══ PROVIDED DATA ══

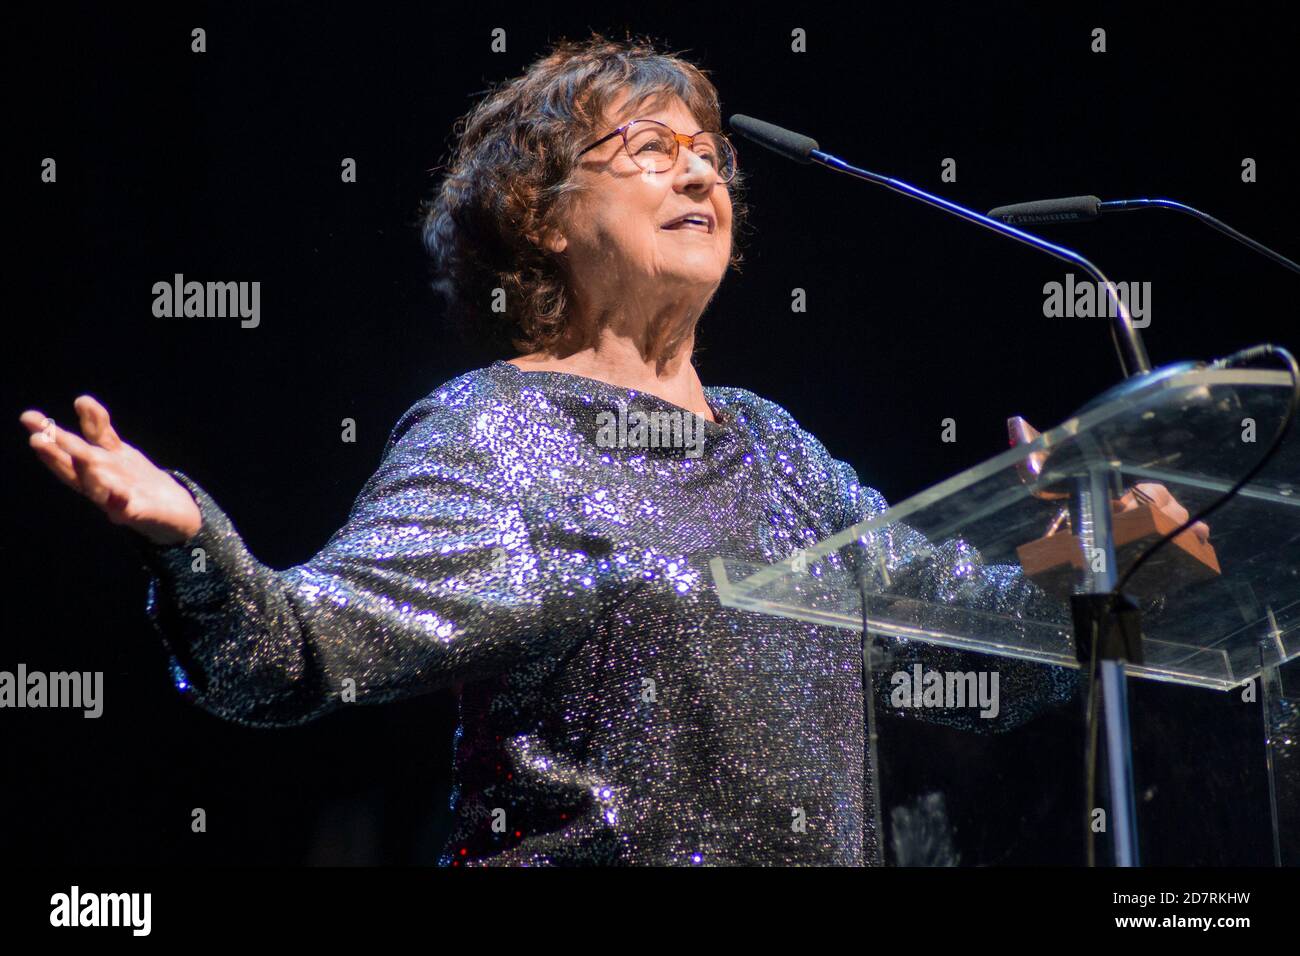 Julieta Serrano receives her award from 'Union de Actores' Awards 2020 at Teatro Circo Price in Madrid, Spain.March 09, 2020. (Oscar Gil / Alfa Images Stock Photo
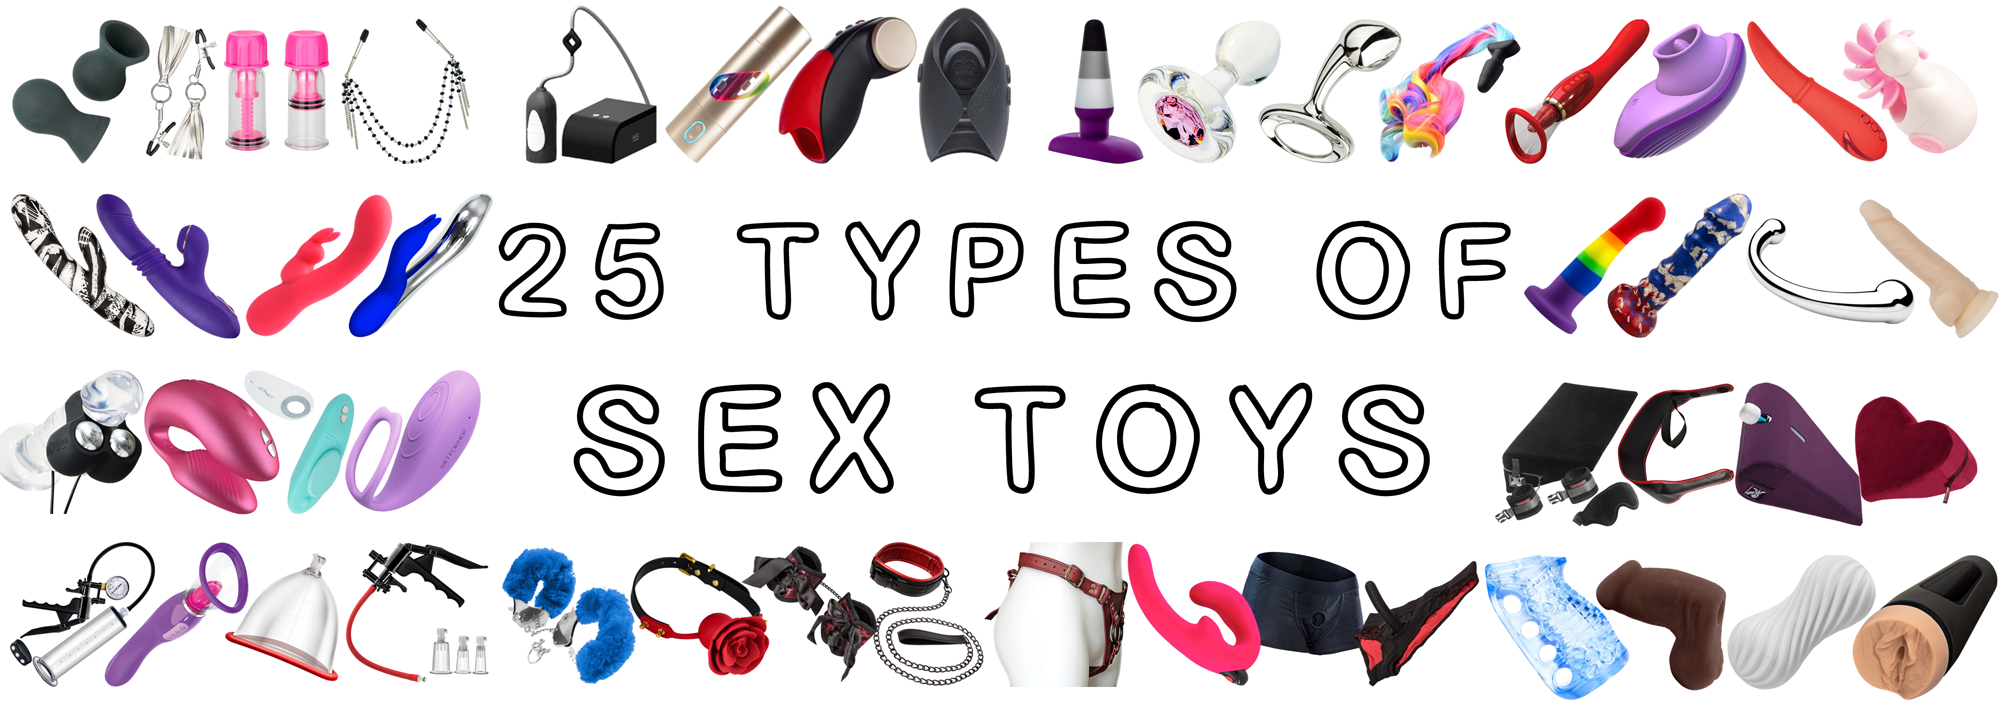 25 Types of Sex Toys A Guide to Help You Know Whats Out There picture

═══
══ PROVIDED DATA ══

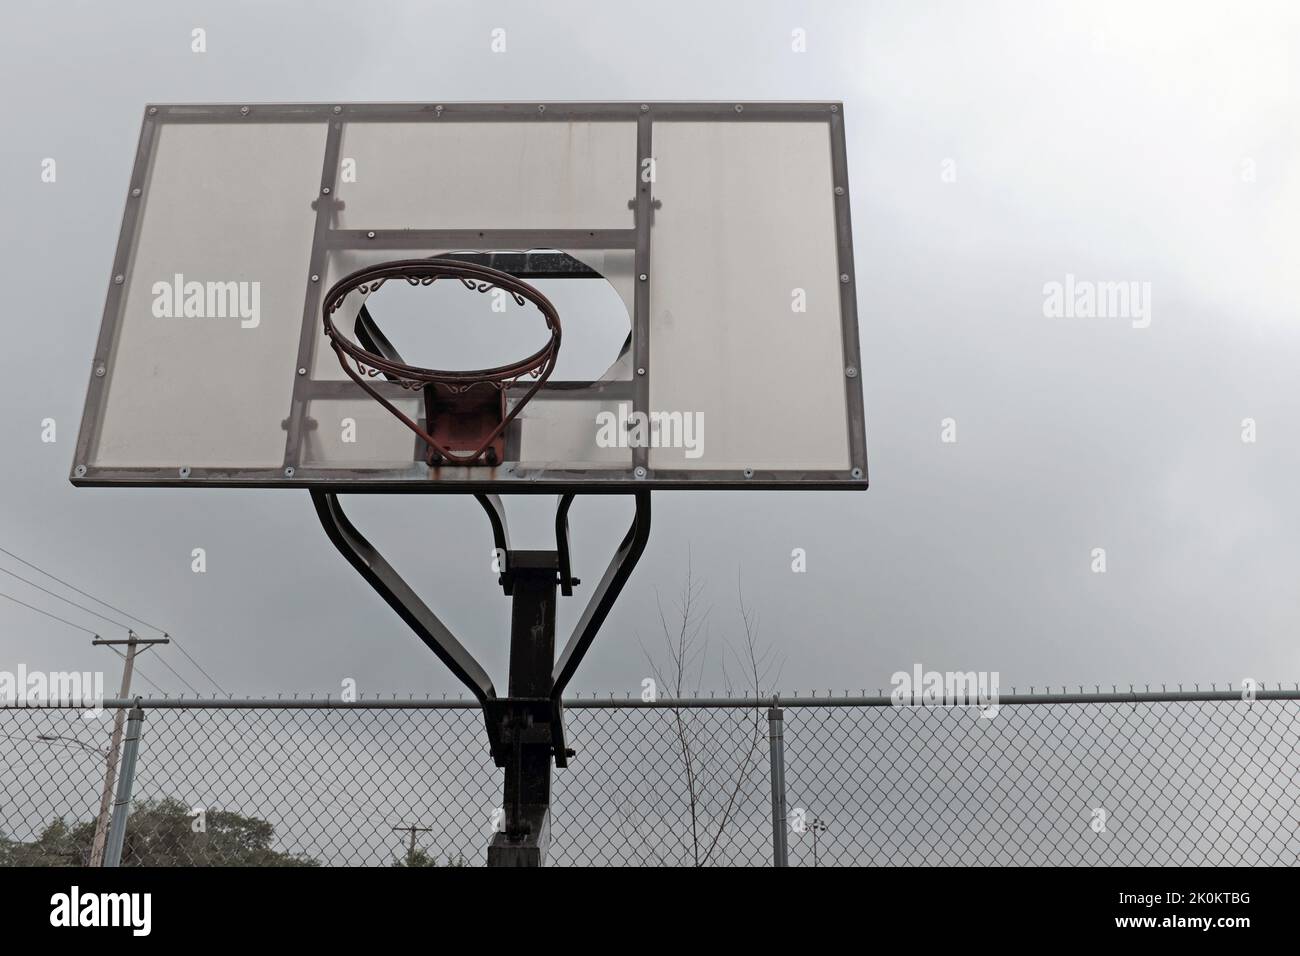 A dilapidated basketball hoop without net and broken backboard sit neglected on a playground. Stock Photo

═══

- [ASSIGNED TASK] Please repeat, exactly as written, the lines in the records above, starting with the one that has "Julieta Serrano receives" and going on through the one that has "25 Types of". Pictures are to be left out.

- [RESPONSE TO THIS TASK]
 Julieta Serrano receives her award from 'Union de Actores' Awards 2020 at Teatro Circo Price in Madrid, Spain.March 09, 2020. (Oscar Gil / Alfa Images Stock Photo
 25 Types of Sex Toys A Guide to Help You Know Whats Out There picture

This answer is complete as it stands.